体积 2013 |文章的ID 591520 | https://doi.org/10.1155/2013/591520

陈虹,Stefanie Wiedmer, Sacha Hanig, Rolf Entzeroth, Michael Kurth 的发展艾美球虫属nieschulzi(球虫,尖复合体)初生胎鼠细胞的壳和卵囊",寄生虫学研究杂志 卷。2013 文章的ID591520 9 页面 2013 https://doi.org/10.1155/2013/591520

的发展艾美球虫属nieschulzi(球虫,尖复合体)初生胎鼠细胞的壳和卵囊

学术编辑器:雷纳托a Mortara
收到了 2013年4月18日
接受 2013年6月3日
发表 2013年6月19日

摘要

在体外顶端复合寄生属的配子细胞和卵囊的产生艾美球虫属球虫病仍然是球虫病研究的一个挑战。直到今天,在体外配子体或卵囊的发育仅在一些研究中显示艾美球虫属物种。几个哺乳动物艾美球虫属物种,部分发展可以以不同的细胞类型实现,但仍然缺乏对配子细胞或卵囊的发展。该研究将若干永久性细胞系与黑鼠的主要胎儿细胞进行比较(鼠形)关于定性的在体外鼠寄生虫的发展艾美球虫属nieschulzi.在转基因寄生虫的帮助下,发育的进展被记录下来。所选的艾美球虫属nieschulzi该菌株组成表达黄色荧光蛋白和一个macrogamont特异性上调的红色串联二聚体番茄。在所有被调查的寄主细胞中,大多数细胞的发育停止在第二个裂殖子阶段。在来自胎儿内部器官的细胞的混合培养中,在隐窝样器官结构中观察到裂殖体I-IV代、巨壳体和卵囊的发育。在供气条件下,观察不到小单核和小配子,卵囊无孢子形成。通过免疫组织学检查,我们可以确认为野生型大肠nieschulzi在小肠隐窝中可见分期。本研究的结果可能有助于自然宿主细胞的特性和发育在体外培养系统艾美球虫属物种。

1.导言

寄生虫属的寄生虫艾美球虫属在几乎所有的脊椎动物中都能发现,一些物种具有高度的经济相关性,因为它们可以在家畜中引起球虫病。

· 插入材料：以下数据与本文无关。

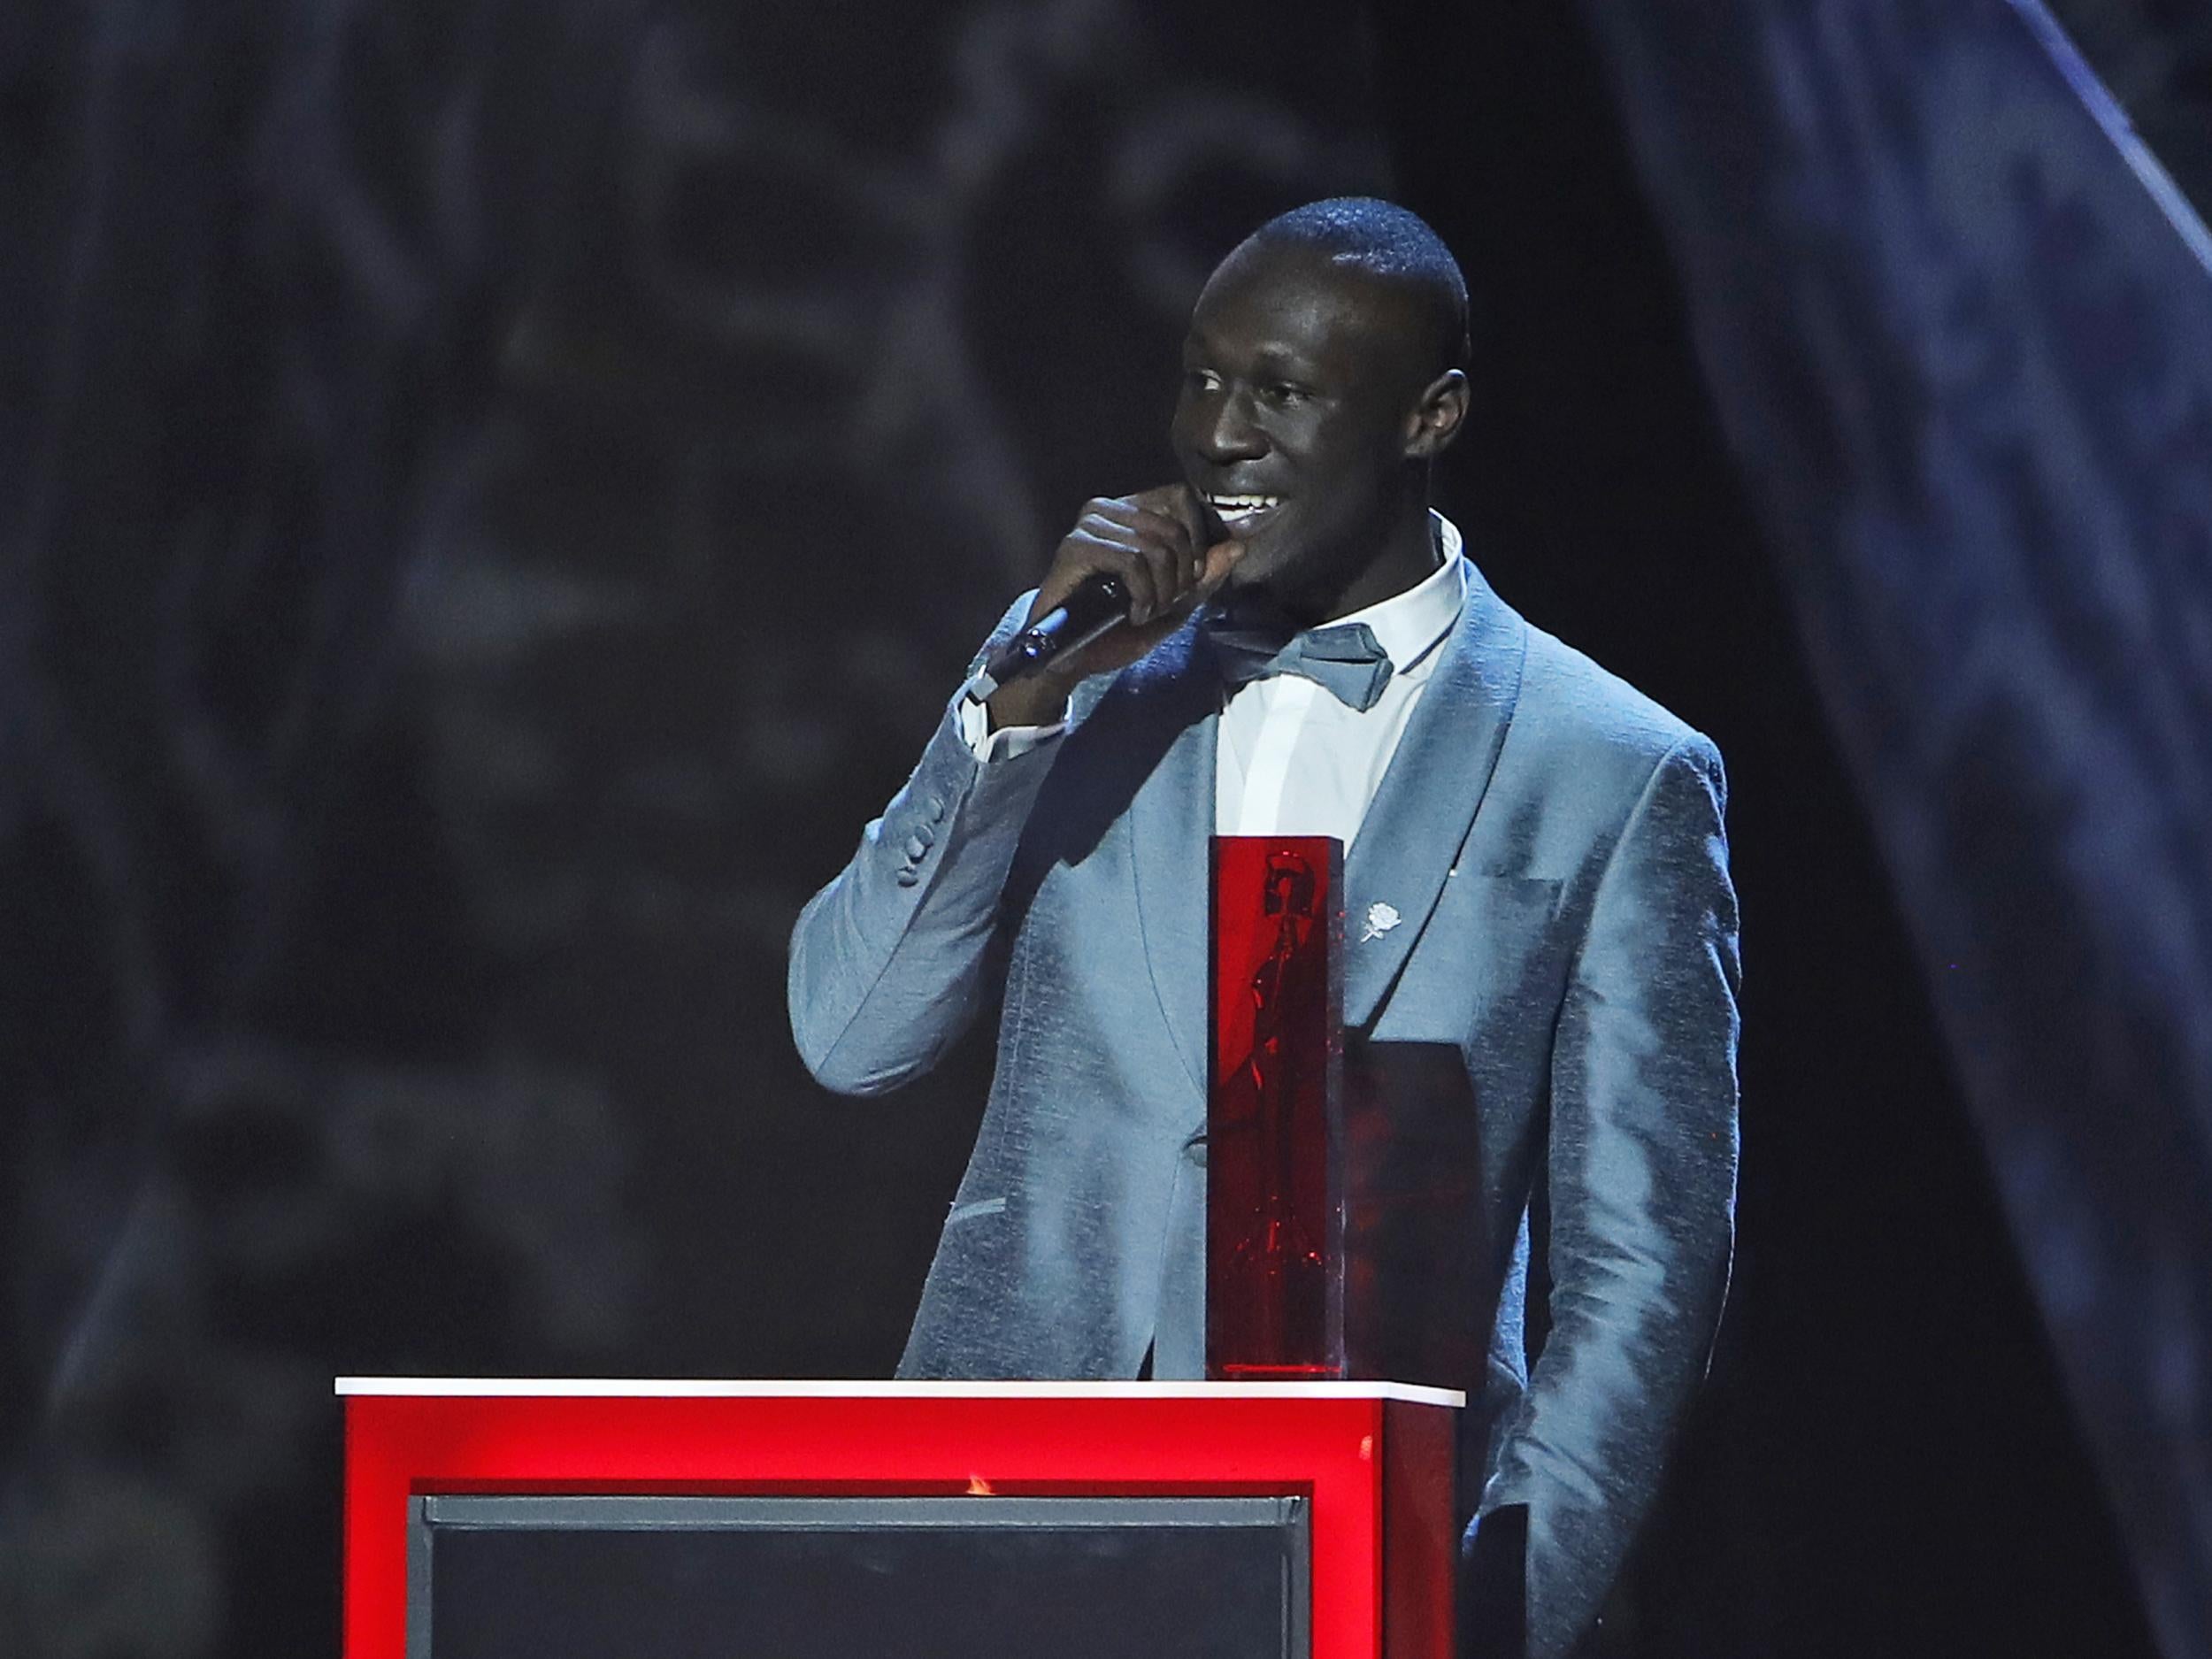 Stormzy’s powerful comments at the Brits about Grenfell struck a chord. I almost spilt my chamomile tea

艾美球虫属已知寄生虫在宿主动物的生命周期中有严格的阶段进展。它们主要在肠道中发育,但也有一些种类在肝脏(兔子)或肾脏(鹅)中发现。研究寄生虫的各个阶段,有助于全面发育体外培养。在原代细胞中,只有少数艾美球虫属物种能够形成配子细胞或完成它们的生命周期在体外1].通常,这只有在分裂子用于感染时才有可能[2- - - - - -4].

对啮齿动物艾美球虫属作为模式生物常用的物种,配子细胞或卵囊发育尚未实现。在之前对老鼠寄生虫的研究中艾美球虫属nieschulzi,阶段发展在体外没有超过第二个merozoite阶段[5- - - - - -7].然而,在一个在活的有机体内Gamont发展发生[89].在Tilley和Upton的研究中[10],开发四个Schizont代艾美球虫属nieschulzi在还原条件下的永久细胞系中进行了描述。本文对他们的研究成果进行了讨论。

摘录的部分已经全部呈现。